Hat jemand von Euch Erfahrungen mit diesen Fischen? 

Freue mich über Antworten.

Grüße


----------



## willi1954 (15. Mai 2011)

*AW: Nasen ... Erfahrungen? Algen?*

Moin

ich habe vor 4 Jahren ca 10 Nasen (etwa 10cm gross) eingesetzt. Man sieht sie fast nie, halten sich nur am Grund auf, allerdings im Sommer kommen sie in den Abendstunden auch zum Fressen an die Oberfläche. Dabei springen sie mit lautem Platschen aus dem Wasser. Ob sie Algen bekämpfen, wage ich zu bezweifeln. Zumindest ist hier nichts davon zu merken. Sie sind mittlerweile auch gewachsen und ca 25.. 30cm lang.

LG Willi


----------



## Doc (15. Mai 2011)

*AW: Nasen ... Erfahrungen? Algen?*

Moin Willi,

hat sich eigentlich erledigt ... habe gerade mal Google bemüht und gelesen, dass Nasen^^ eher Flussfische sind ... mit meinem kleinen Bachlauf wohl eher ungeeignet. 
Da frage ich mich natürlich, warum der Händler die Fische überhaupt für einen Teich anbietet ... Dein Teich ist natürlich auch um einiges größer.


----------



## canis (15. Mai 2011)

*AW: Nasen ... Erfahrungen? Algen?*



Doc schrieb:


> Da frage ich mich natürlich, warum der Händler die Fische überhaupt für einen Teich anbietet ...



Weil Händler eben Händler sind und nicht zwingend Fischexperten. 

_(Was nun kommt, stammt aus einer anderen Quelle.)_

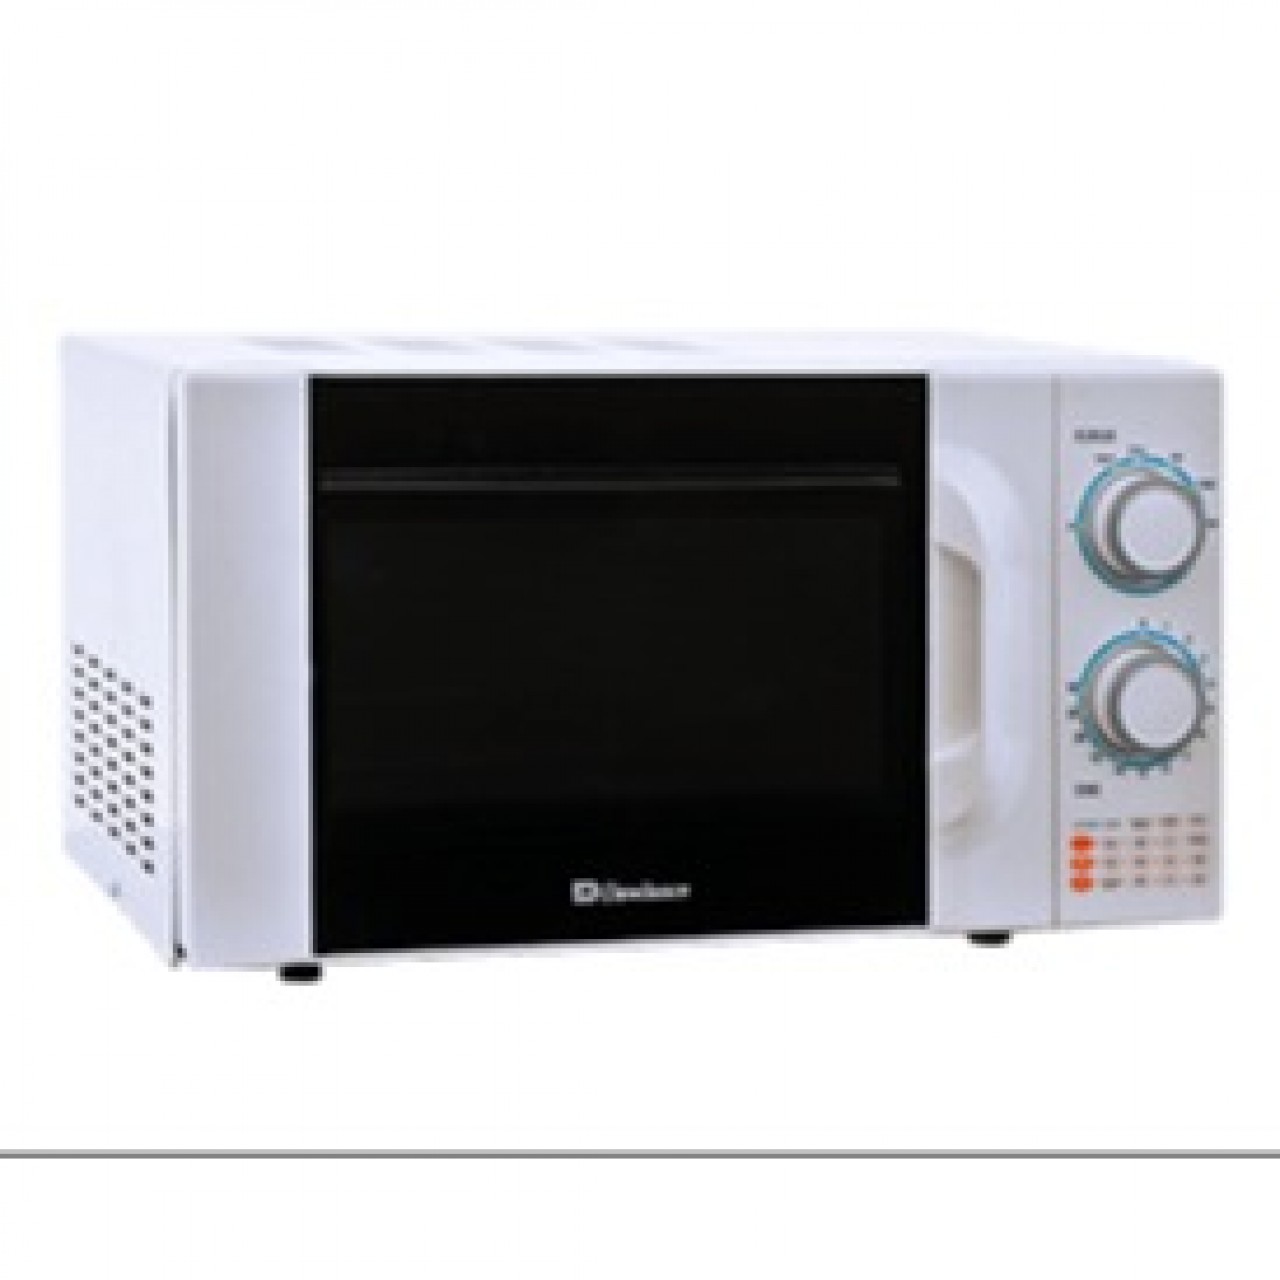 Dawlance Microwave Oven DW MD4 N - Capacity 20 Litters
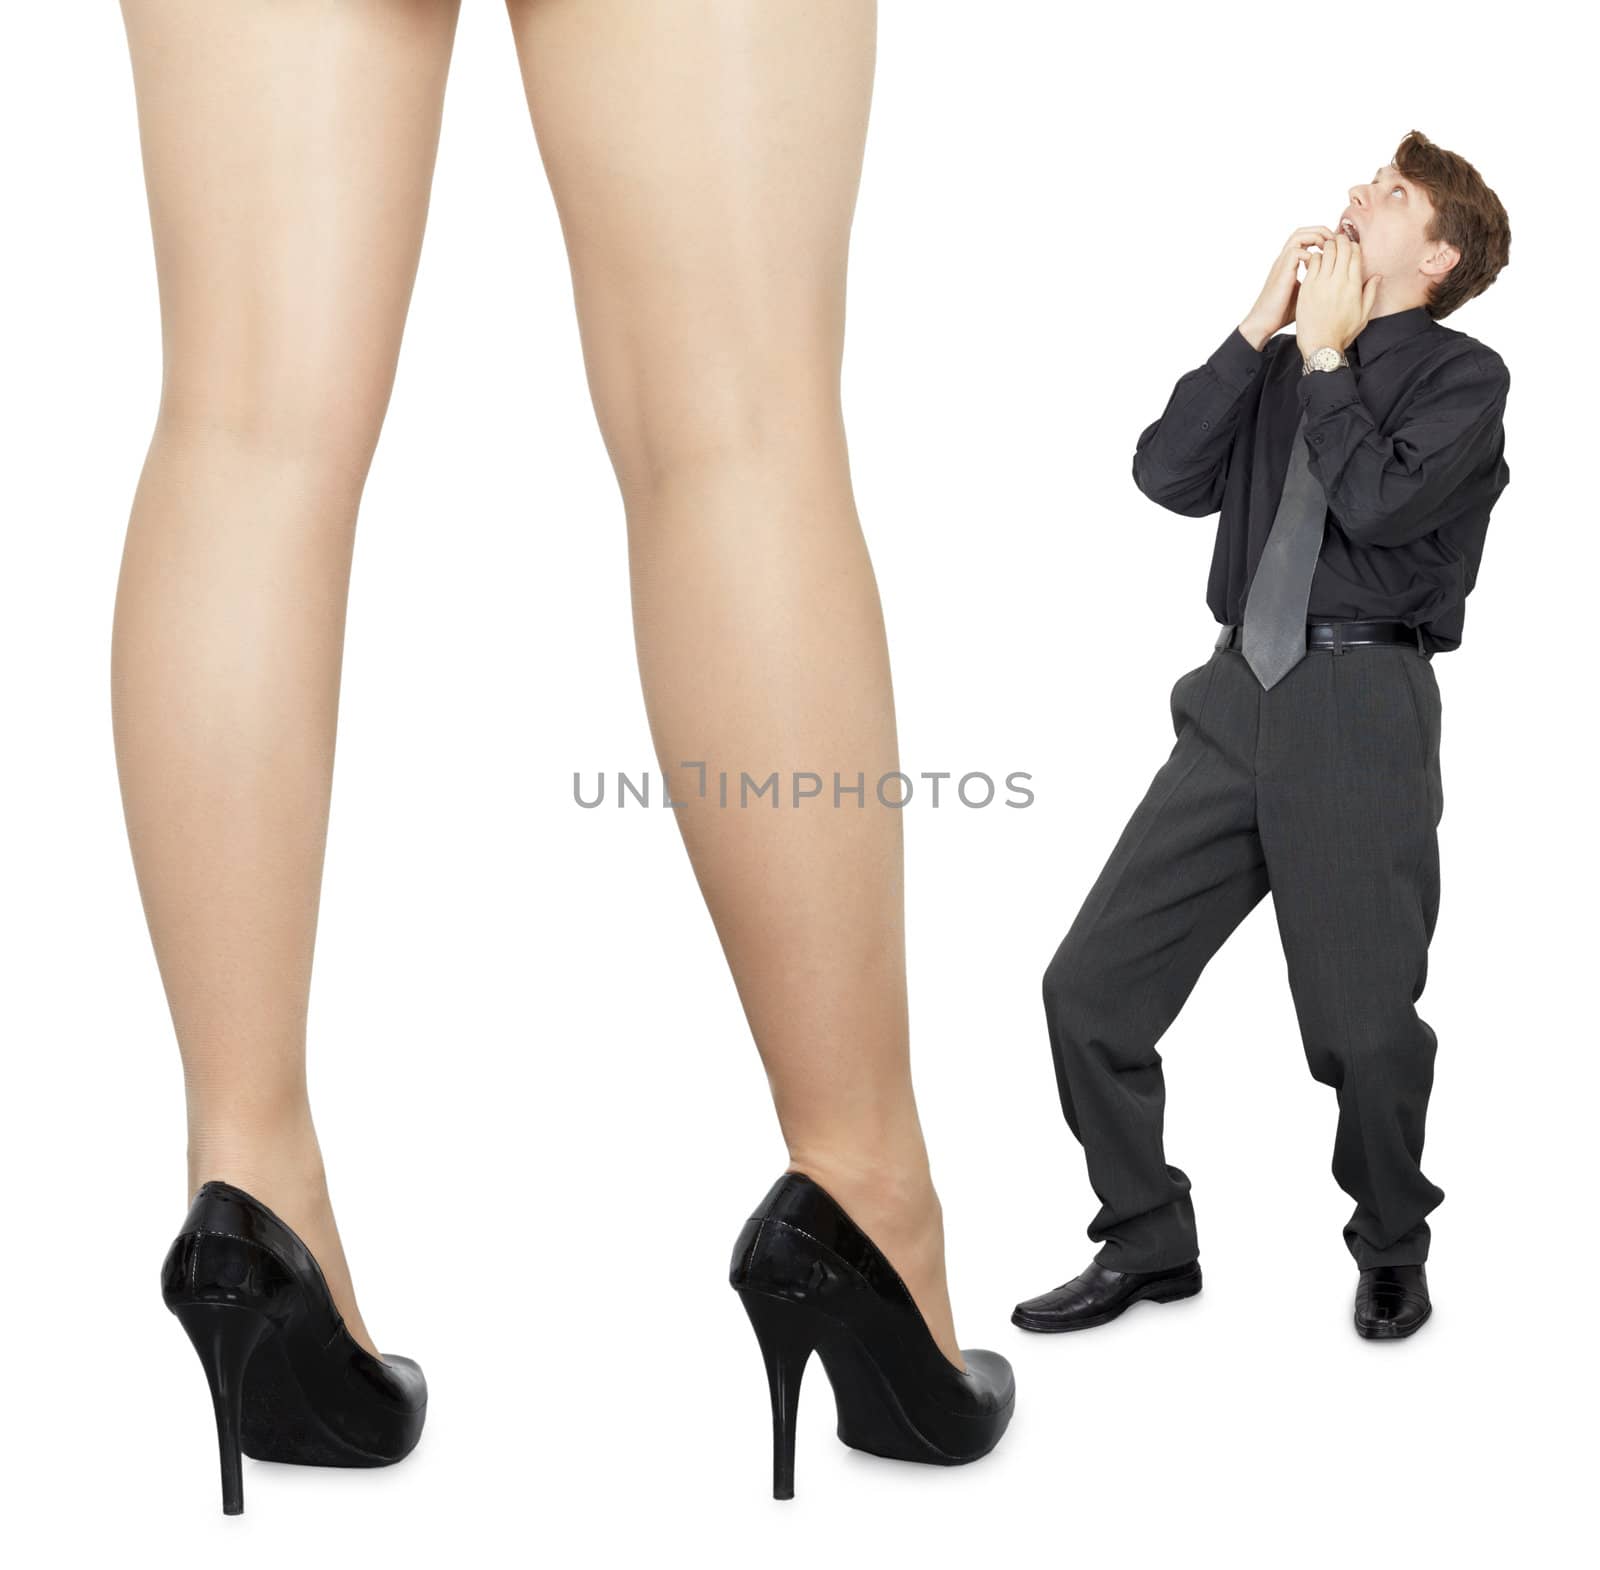 The little man is shocked by the appearance of big women isolated on white background

Auf jeden Fall ist es die richtige Entscheidung, keine Nasen in den Teich zu setzen!


----------



## Knoblauchkröte (16. Mai 2011)

*AW: Nasen ... Erfahrungen? Algen?*



Doc schrieb:


> ... habe gerade mal Google bemüht und gelesen, dass Nasen^^ eher Flussfische sind ... mit meinem kleinen Bachlauf wohl eher ungeeignet.
> Da frage ich mich natürlich, warum der Händler die Fische überhaupt für einen Teich anbietet ....



Hi,

ist doch ganz klar warum so was verkauft wird. Weil es immer noch Käufer gibt die mit Fischen Algen bekämpfen wollen anstatt ihre gemachten Fehler zu beseitigen

 In so kleinen Gewässern wie einem Gartenteich ist es eh völlig utopisch mit Fische die Algen entfernen zu wollen, den Fische sind darin mit eine der Hauptursachen für die Algenbelastung

MfG Frank


----------